Forgetting the Mexican-American War

This post is a follow-up to my piece from last year, “Remembering the United States intervention.”

The Mexican-American War of 1846-1848 was a hugely important event for both nations involved. At the end of the war, a defeated, humiliated Mexico lost nearly half of its territory. The United States gained this territory, including the strategic harbors of San Francisco and San Diego and the gold- and silver-rich Sierra Nevada. The aftermath of the war would lead to bitter civil wars in both countries, the War of the Reform in Mexico (1857-1860) and the American Civil War in the United States (1861-1865).

Given its importance, it is not surprising that the Mexican-American War is well-remembered in Mexico, with huge monuments in the capital and streets honoring the heroes of the war in cities across the country. In the United States, though, it is another story. There is very little cultural memory of the war, and virtually no monuments to it. (I am not including monuments to the Bear Flag Revolt in California, because the monuments never portray the conflict as a part of the bigger war.) I never even heard of the war before I was in 11th grade, and my students in college-level US History 1 know little or nothing about it.

Why do we not remember the Mexican-American War in the United States, even though it was so important? That is a question I have pondered for some time. I unexpectedly came across an answer to this question when I found an article about memory of the Mexican-American War while researching a different topic.

The article is by Amy S. Greenberg, and it appeared in the October 2009 issue of PMLA, the journal of the Modern Language Association. According to the article, it was between the end of the Civil War in 1865 and the Spanish-American War in 1898 that Americans forgot about the war with Mexico. There were a couple of reasons why collective amnesia set in during this time. One was that the heaviest fighting in the war had taken place in territory that was still a part of Mexico, and there were thus very few soldiers’ graves on US soil to pay homage to on the new holiday of Memorial Day. (To this day, the US government maintains a cemetery of American war dead in Mexico City.)

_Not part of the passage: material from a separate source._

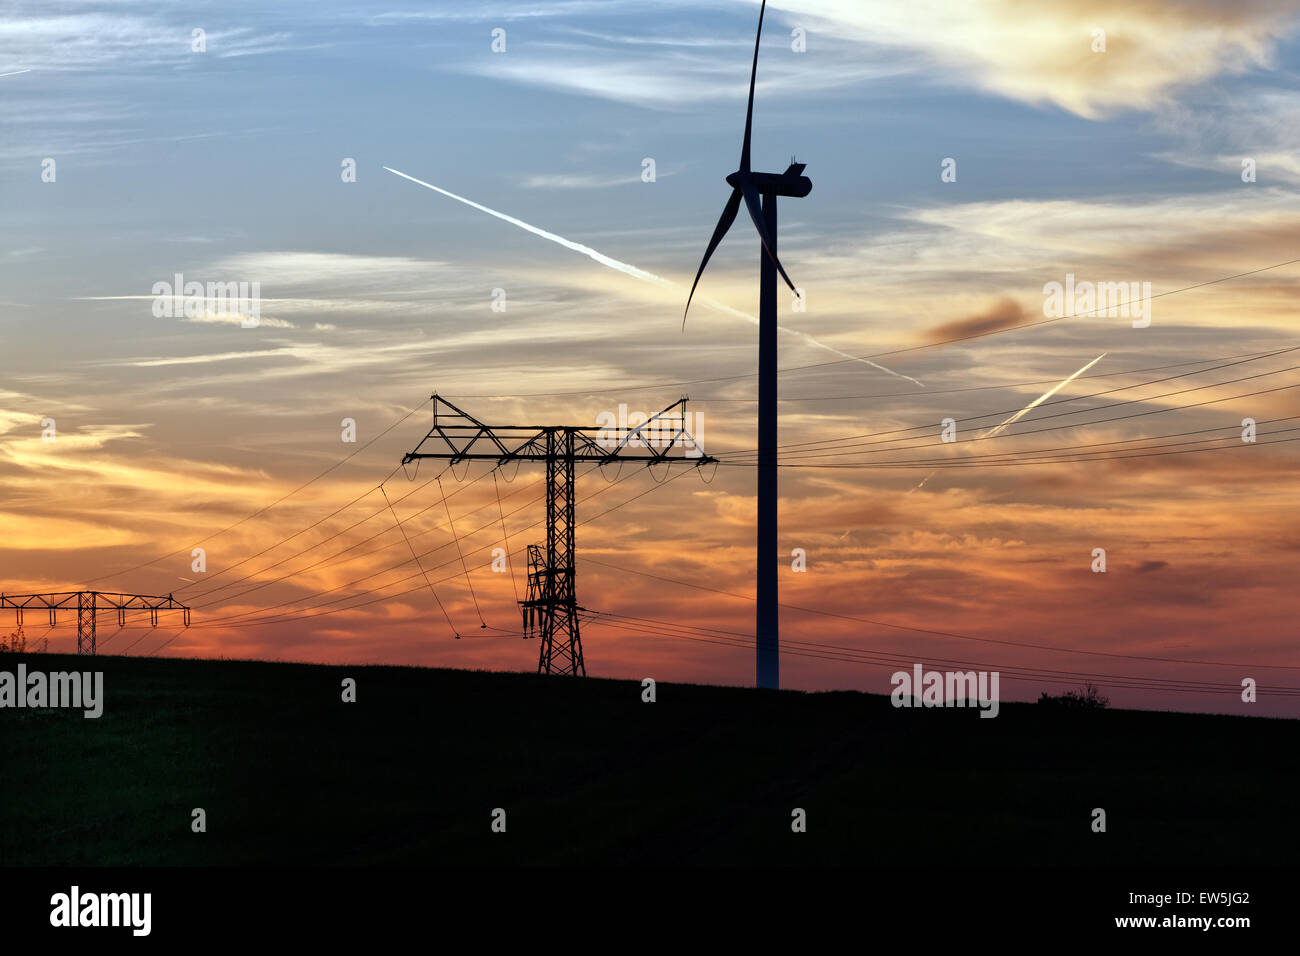 Klein-Mutz, Germany, wind turbine and Pylon of power line Stock Photo

There was also a political reason. In the Second Party System, the Democrats had been in favor of the war with Mexico while the opposition party, the Whigs, were opposed to it, seeing it as nothing more than a brazen land grab. (Great Whig statesman John Quincy Adams collapsed on the floor of the House of Representatives while railing against a proposal to honor the generals from the war with Mexico. He never recovered and died shortly afterward.) The Whig Party fell apart shortly after the war, splitting north and south over the issue of slavery.

In the North, most former Whigs joined the nascent Republican Party. After the Civil War, Whigs-turned-Republicans maintained their dislike of the Mexican-American War. From their perspective, the Civil War had been a righteous crusade to preserve the Union and liberate the slaves, while the war with Mexico had been a shameful attempt to seize more land for slavery. Republicans blocked the efforts of veterans’ groups to build a national memorial for the Mexican-American War or to preserve battlefields from the conflict.

As it is, I have seen precisely one physical monument to the Mexican-American War on American soil, and it isn’t much of one. The waterfront in Vallejo, California, on the northern end of the San Francisco Bay, has a display of a couple of cannons. One of them has a plaque stating that the gun “participated in the capture of Guaymas and Mazatlan” in 1847.

And that’s it. If you want to see much more than this, you are going to have to go to Mexico!

24-pounder cannon plaque

Plaque for a Mexican-American War cannon on the waterfront at Vallejo, Calif.

Naval cannons in Vallejo, Calif.

The cannon from the USS Independence in Vallejo (foreground). The other cannon is a post-Civil War cannon from the USS Hartford.

References

  • Greenberg, Amy S. “1848/1898: Memorial Day, Places of Memory, and Imperial Amnesia.” PMLA 124 no. 5 (Oct. 2009): 1869-73.

Links

  • https://www.nps.gov/paal/index.htm Palo Alto Battlefield National Historical Park in Texas. The first clash of the Mexican-American War took place north of the Rio Grande on land claimed by both countries. The battlefield was not preserved as a historic park until more than a century after the war.
Stonewall Jackson statue, Richmond.

The Strange Case of the Bronze Confederates

Two weeks ago, workers in New Orleans dismantled a monument that had originally been erected in 1891 to celebrate the fight of white supremacist vigilantes against the city’s police forces during Reconstruction (1865-77). The workers were acting on a December 2015 city council resolution that this monument be removed, along with statues of Robert E. Lee, P.G.T. Beauregard, and Jefferson Davis. Although the city council was overwhelmingly in favor of removing the monuments—the vote was six to one—a minority of the city’s population was strongly opposed to removal. To protect themselves against violent reprisal, the workers removing the monument wore bulletproof vests, helmets, and masks.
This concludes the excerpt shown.